The high-level event was attended by over 300 participants representing OSCE participating States, Partners for Co-operation, executive structures, civil society, academia and the private sector. Discussions focused on areas such as women’s participation in political and public life, their participation in the security sector, and women´s economic empowerment. Participants also highlighted emerging issues that have an impact on the promotion of gender equality, such as digitalization and the increase in cyber violence against women and girls.

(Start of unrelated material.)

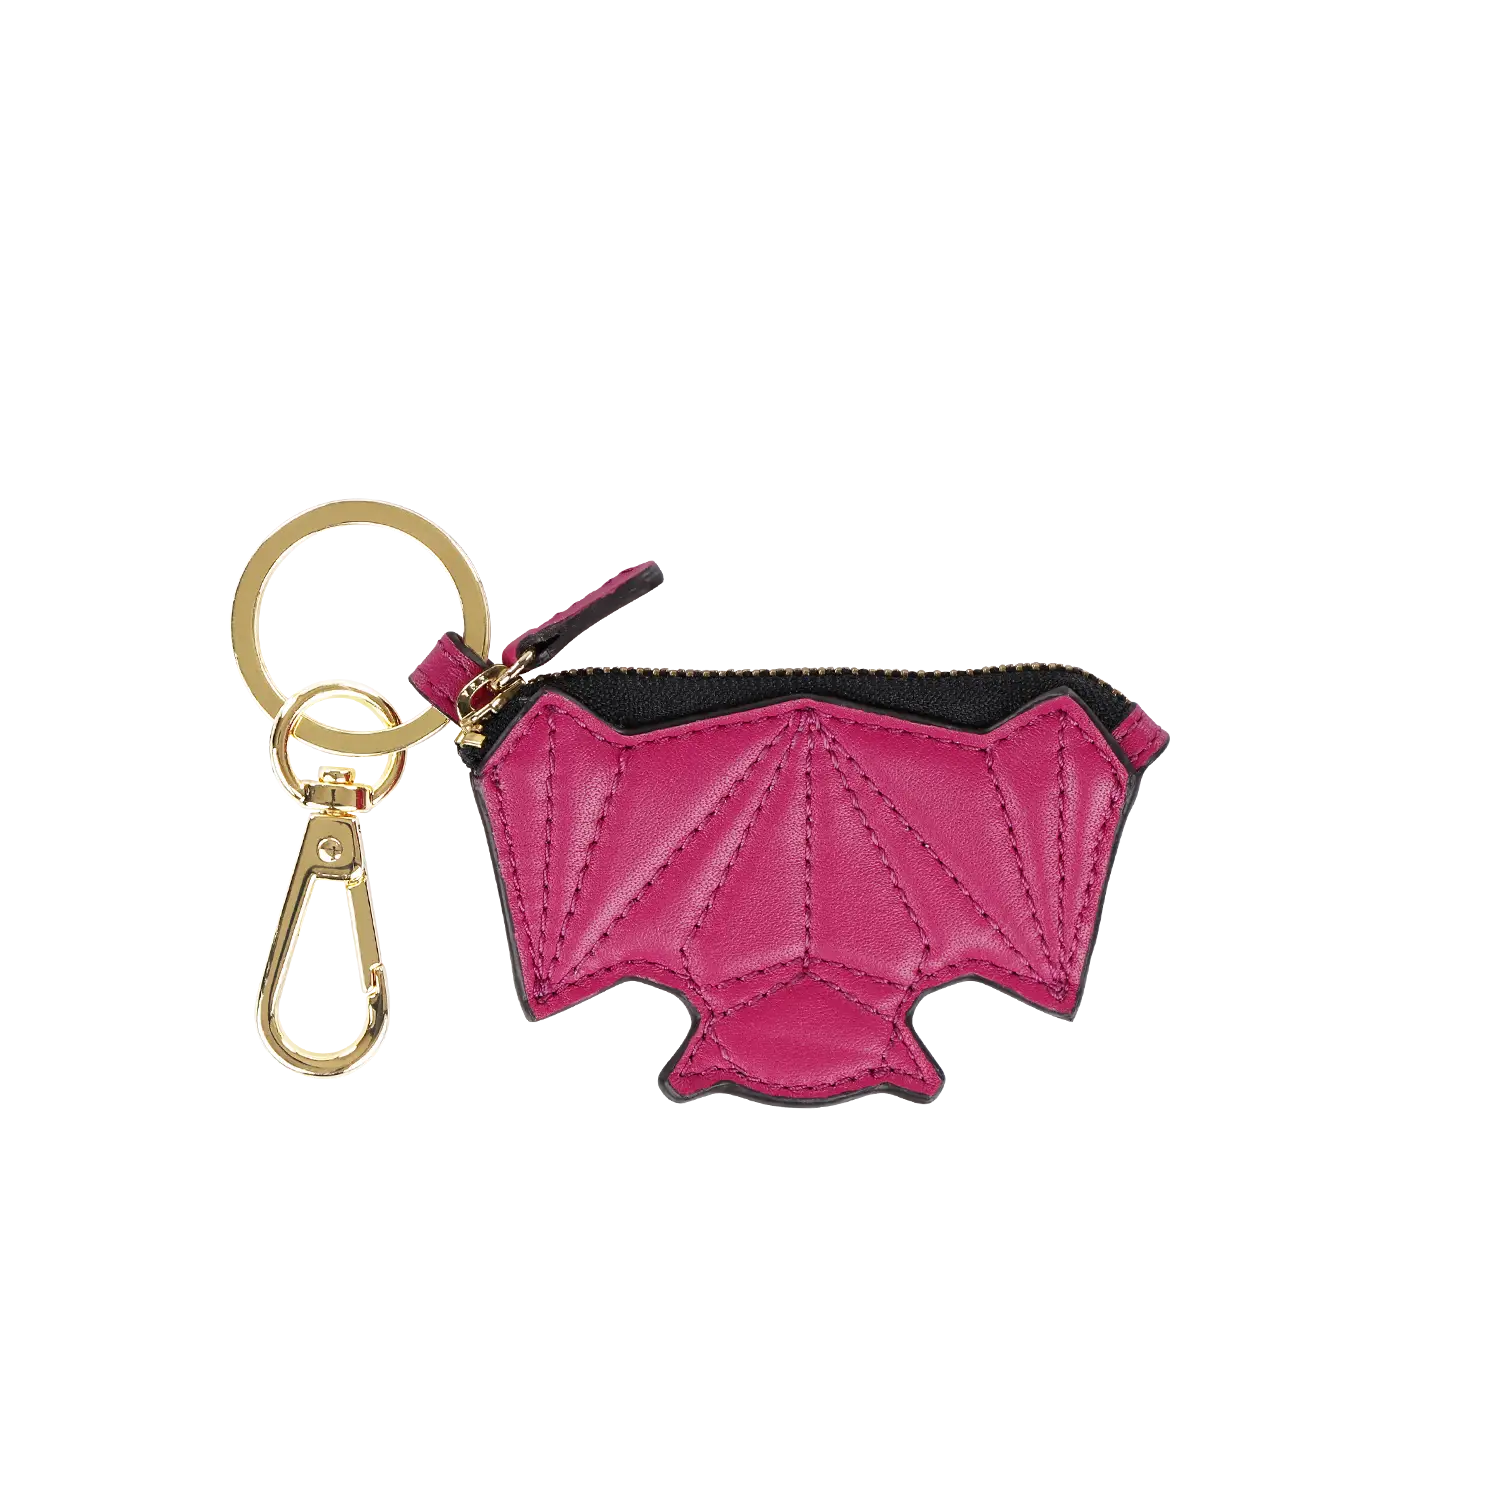 Schluesselanhaenger - Zip it Bat - pink

“Advancing women’s rights is a global challenge, not just one nation’s mandate. It requires co-operation and collaboration with our partners and allies. Together, we have the opportunity to change the futures of women and girls around the world,” said United States Ambassador Kelley Currie, Ambassador-at-Large for Global Women’s Issues.

Asa Regner, United Nations Assistant Secretary-General and Deputy Executive Director UN Women noted: “We need more political will, funding and leadership to implement women’s and girls’ rights and commitments to gender equality, including those enshrined in UN Security Council Resolution 1325 (on Women, Peace and Security), so that women have an equal say in the global peace and security agenda.”

Officer-in-Charge/Secretary General, Director of the OSCE Conflict Prevention Centre Tuula Yrjölä said: “I was glad to note that in certain areas, implementation of the Action Plan has accelerated in the last three years. But much work still needs to be done, if we are to effectively tackle the root causes of gender inequality.”

“Democracy means the rule of the people, all people, but we can hardly refer to democracy when so many people are excluded from playing a role in public affairs,” said ODIHR’s First Deputy Director Katarzyna Gardapkhadze on behalf of the Office. “Women’s representation in national parliaments has seen an improvement on previous years, but we still have a long way to go.”